8. The method of claim 1, wherein the forward anchor frame is
either an I frame or a P frame.
9. The method of claim 1, wherein the backward anchor frame is a P
frame.
10. A memory medium including code for decoding video, the code
comprising: a code to decode a forward anchor frame with a first
algorithm; a code to decode a backward anchor frame with the first
algorithm; and a code to decode a B-frame with a second
algorithm.
11. An apparatus for decoding video, comprising: a memory which
stores executable code; and a processor which executes the code
stored in the memory so as to (i) decode a forward anchor frame
with a first algorithm, (ii) decode a backward anchor frame with
the first algorithm, and iii) decode a B-frame with a second
algorithm.
Description
BACKGROUND OF THE INVENTION
[0001] The present invention relates generally to video
compression, and more particularly, to frame-type dependent
processing that performs a different type of processing according
to the type of pictures or frames being processed.
[0002] Video compression incorporating a discrete cosine transform
(DCT) and motion prediction is a technology that has been adopted
in multiple international standards such as MPEG-1, MPEG-2, MPEG-4,
and H.262. Among the various DCT/motion prediction video coding
schemes, MPEG-2 is the most widely used, in DVD, satellite DTV
broadcast, and the U.S. ATSC standard for digital television.
[0003] An example of a MPEG video decoder is shown in FIG. 1. The
MPEG video decoder is a significant part of MPEG-based consumer
video products. The design goal of such a decoder is to minimize
the complexity while maintaining good video quality.
[0004] As can be seen from FIG. 1, the input video stream first
passes through a variable-length decoder (VLD) 2 to produce motion
vectors and the indices to discrete cosine transform (DCT)

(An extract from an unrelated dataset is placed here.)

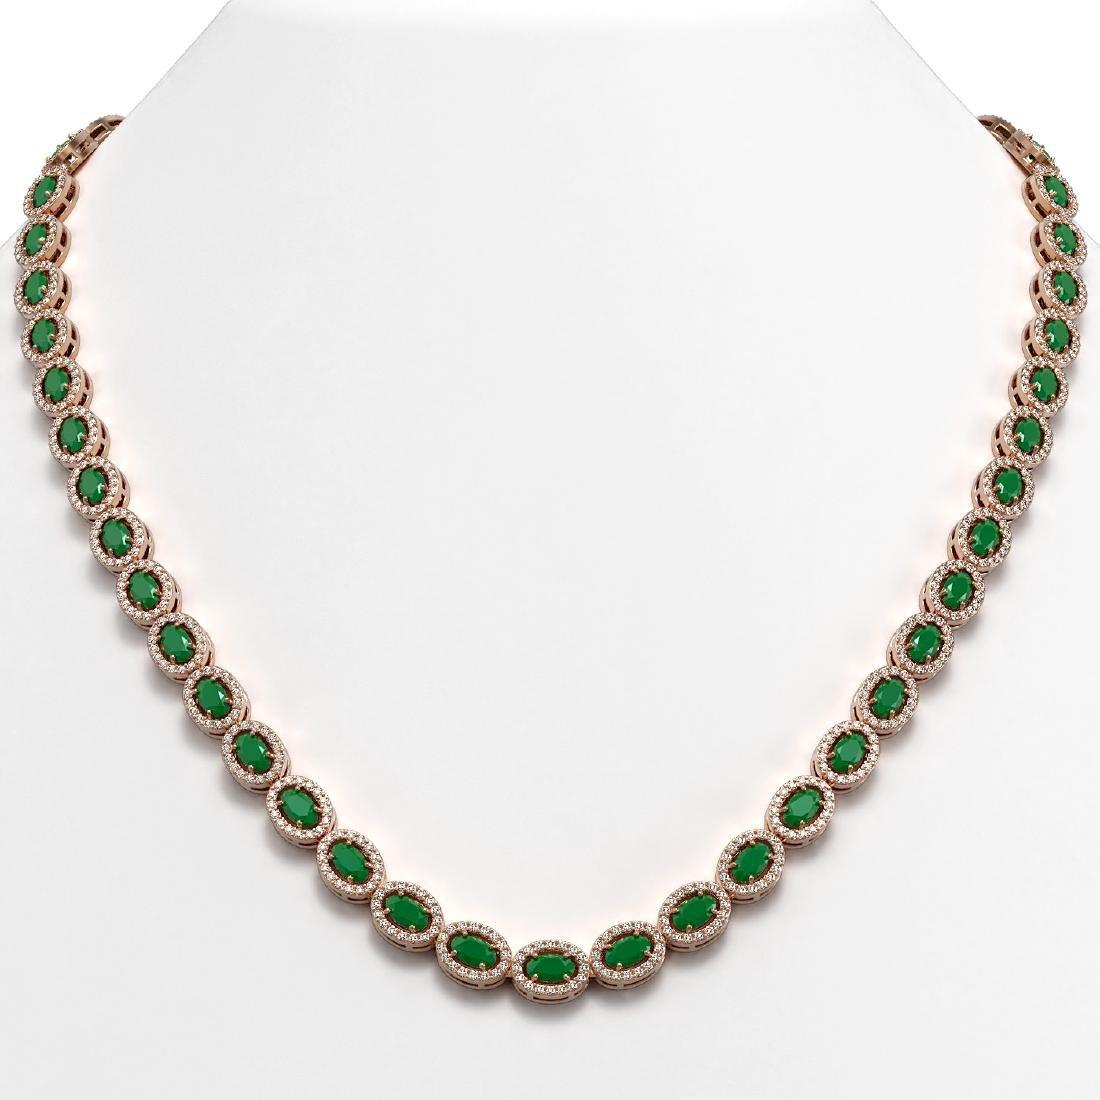 26.38 CTW Emerald & Diamond Halo Necklace 10K Rose Gold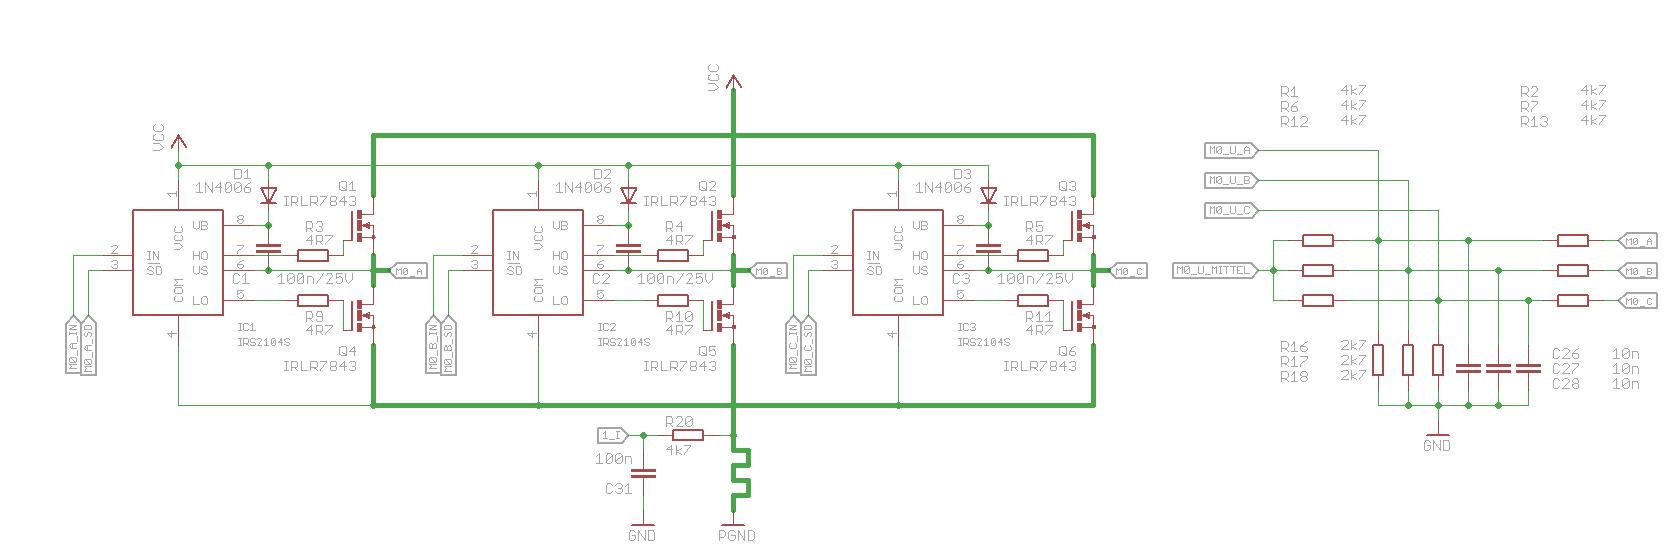 Charmant Elektromotor Schaltung Fotos - Schaltplan Serie Circuit ...

coefficients. The motion vectors are sent to the motion
compensation (MC) unit 10. The DCT indices are sent an inverse-scan
and inverse-quantization (ISIQ) unit 6 to produce the DCT
coefficients.
[0005] Further, the inverse discrete cosine transform (IDCT) unit 6
transforms the DCT coefficients into pixels. Depending on the frame
type (I, P, or B), the resulting picture either goes to video out
directly (I), or is added by an adder 8 to the motion-compensated
anchor frame(s) and then goes to video out (P and B). The current
decoded I or P frame is stored in a frame store 12 as anchor for
decoding of later frames.
[0006] It should be noted that all parts of the MPEG decoder
operate at the input resolution, e.g. high definition (HD). The
frame memory required for such a decoder is three times that of the
HD frame including one for the current frame, one for the
forward-prediction anchor and one for the backward-prediction
anchor. If the size of an HD frame is denoted as H, then the total
amount of frame memory required is 3H.
[0007] Video scaling is another technique that may be utilized in
decoding video. This technique is utilized to resize or scale the
frames of video to the display size. However, in video scaling, not
only is the size of the frames changed, but the resolution is also
changed.
[0008] One type of scaling known as internal scaling was first
publicly introduced by Hitachi in a paper entitled "AN SDTV DECODER
WITH HDTV CAPABILITY: An ALL-Format ATV Decoder" in the Proceedings
of the 1994 IEEE International Conference of Consumer Electronics.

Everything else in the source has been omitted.